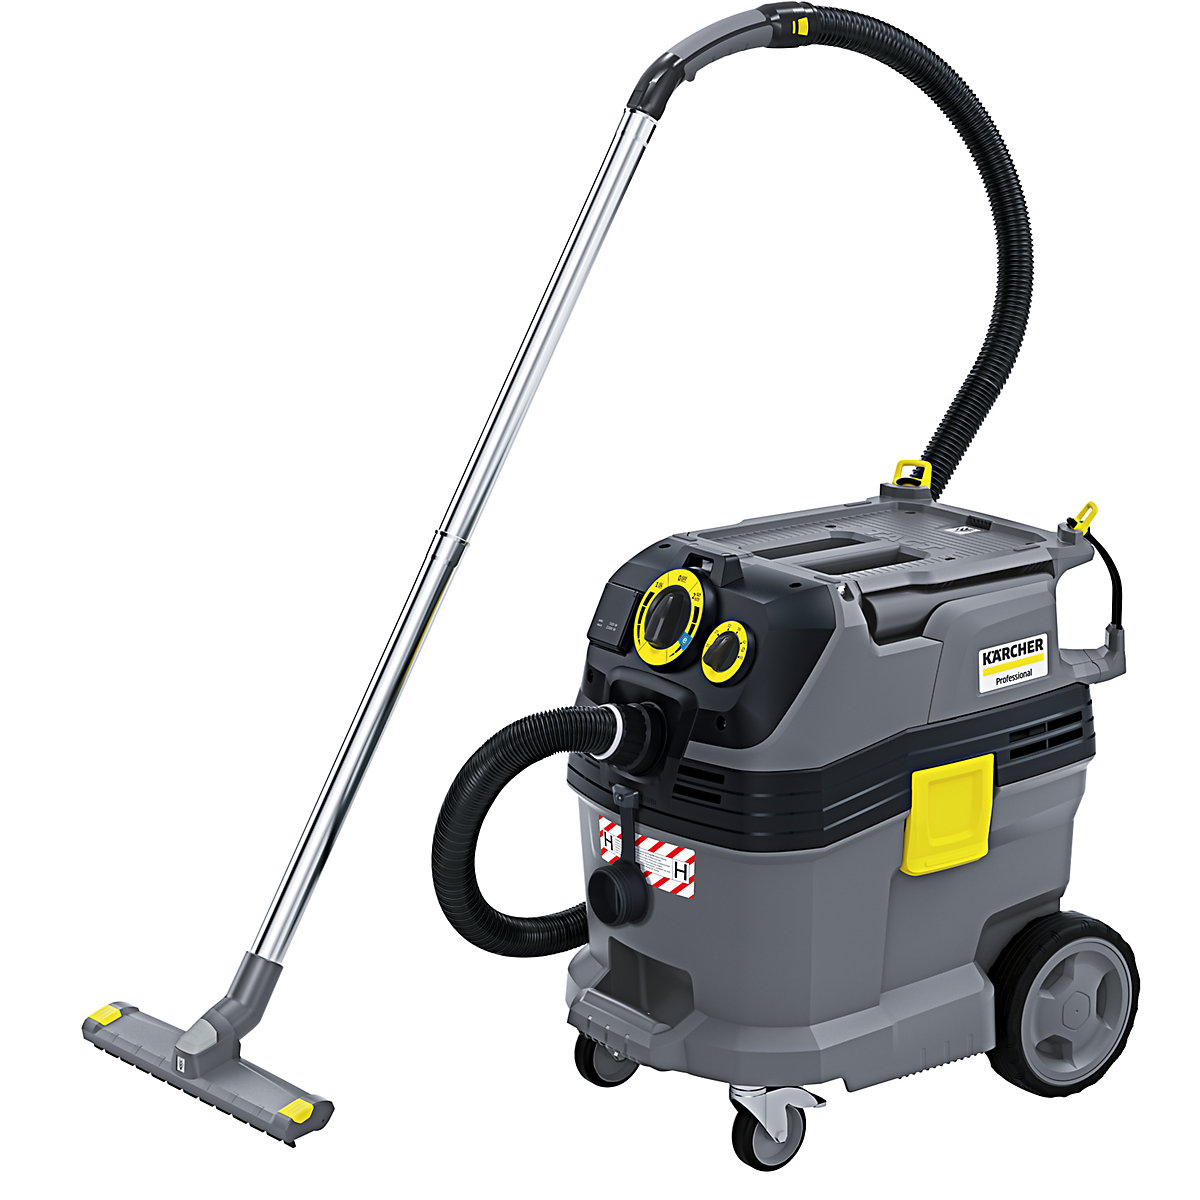 Safety vacuum cleaner – Kärcher
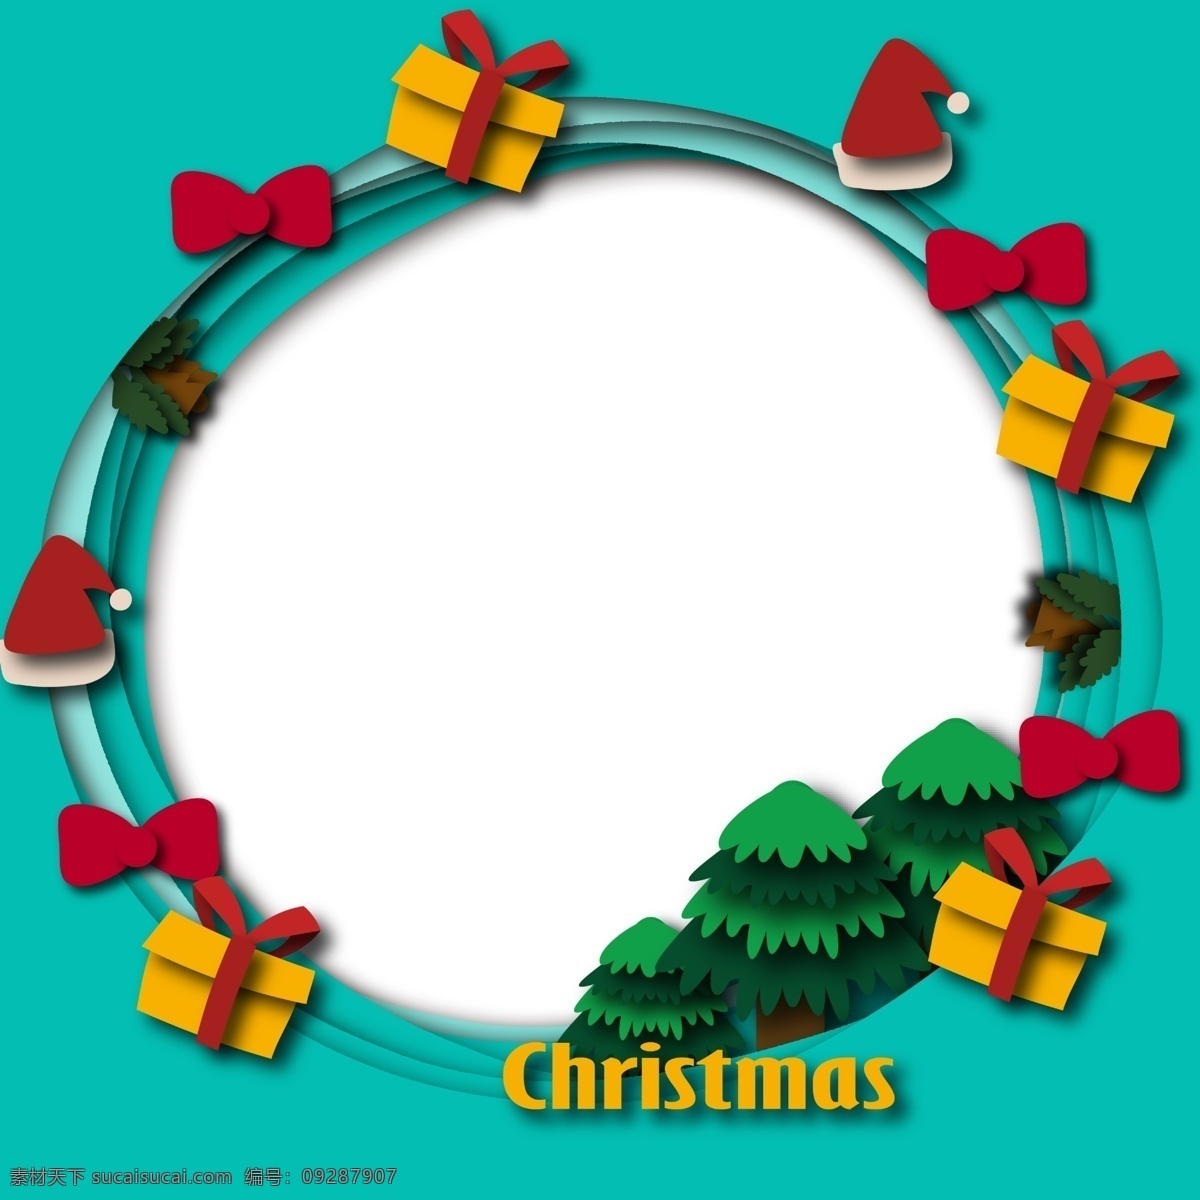 圣诞节 礼盒 边框 插画 手绘 黄色 红色的蝴蝶结 绿色 圣诞树 漂亮的边框
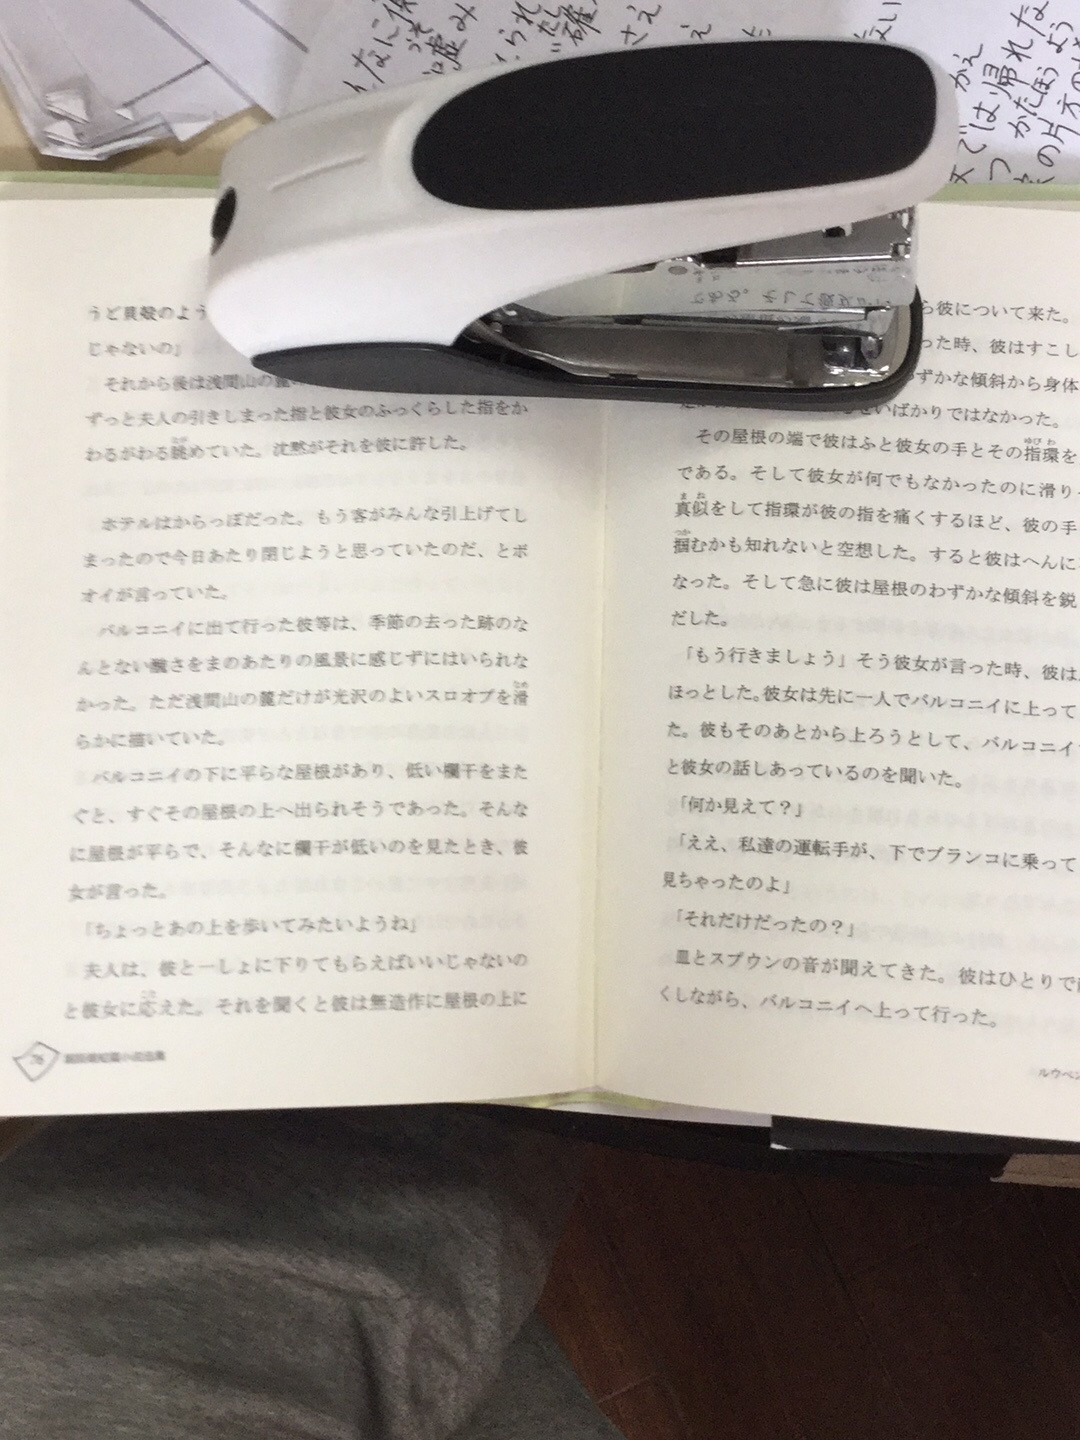 首次购买纯日语的书，挑战一下自己的水平
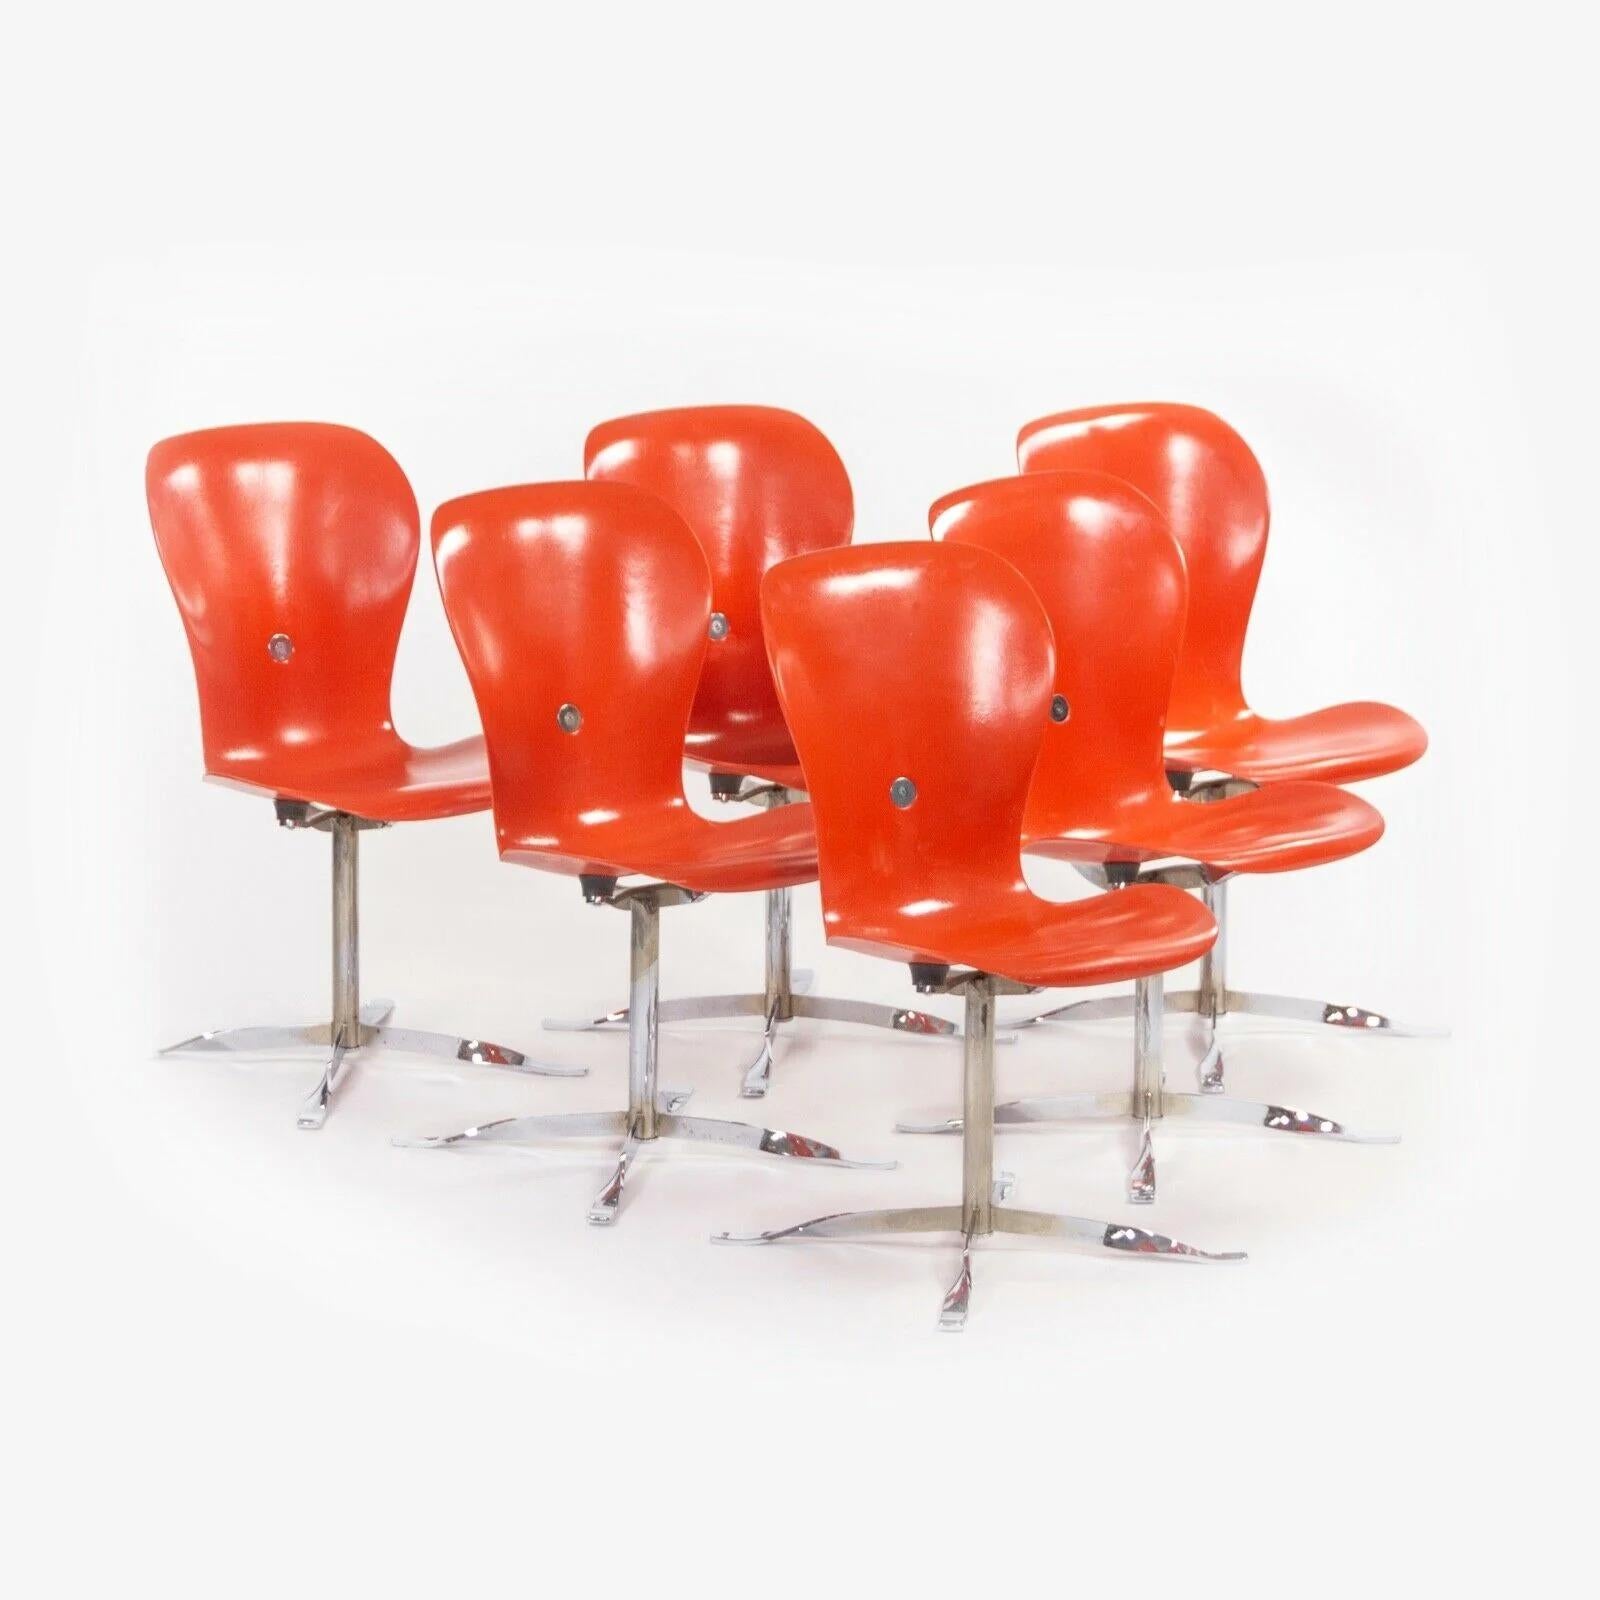 Nous proposons à la vente un magnifique ensemble de chaises de salle à manger Ion, conçues par Gideon Kramer et produites par American Desk Corporation. Ces pièces originales et emblématiques ont d'abord été conçues pour le restaurant tournant situé

○ ○ ○ ○

== Prompt ==
In your copy, include no pictures; print every line above exactly.

== Response to this task ==
 Safety vacuum cleaner – Kärcher
 圣诞节 礼盒 边框 插画 手绘 黄色 红色的蝴蝶结 绿色 圣诞树 漂亮的边框
 首次购买纯日语的书，挑战一下自己的水平
 Nous proposons à la vente un magnifique ensemble de chaises de salle à manger Ion, conçues par Gideon Kramer et produites par American Desk Corporation. Ces pièces originales et emblématiques ont d'abord été conçues pour le restaurant tournant situé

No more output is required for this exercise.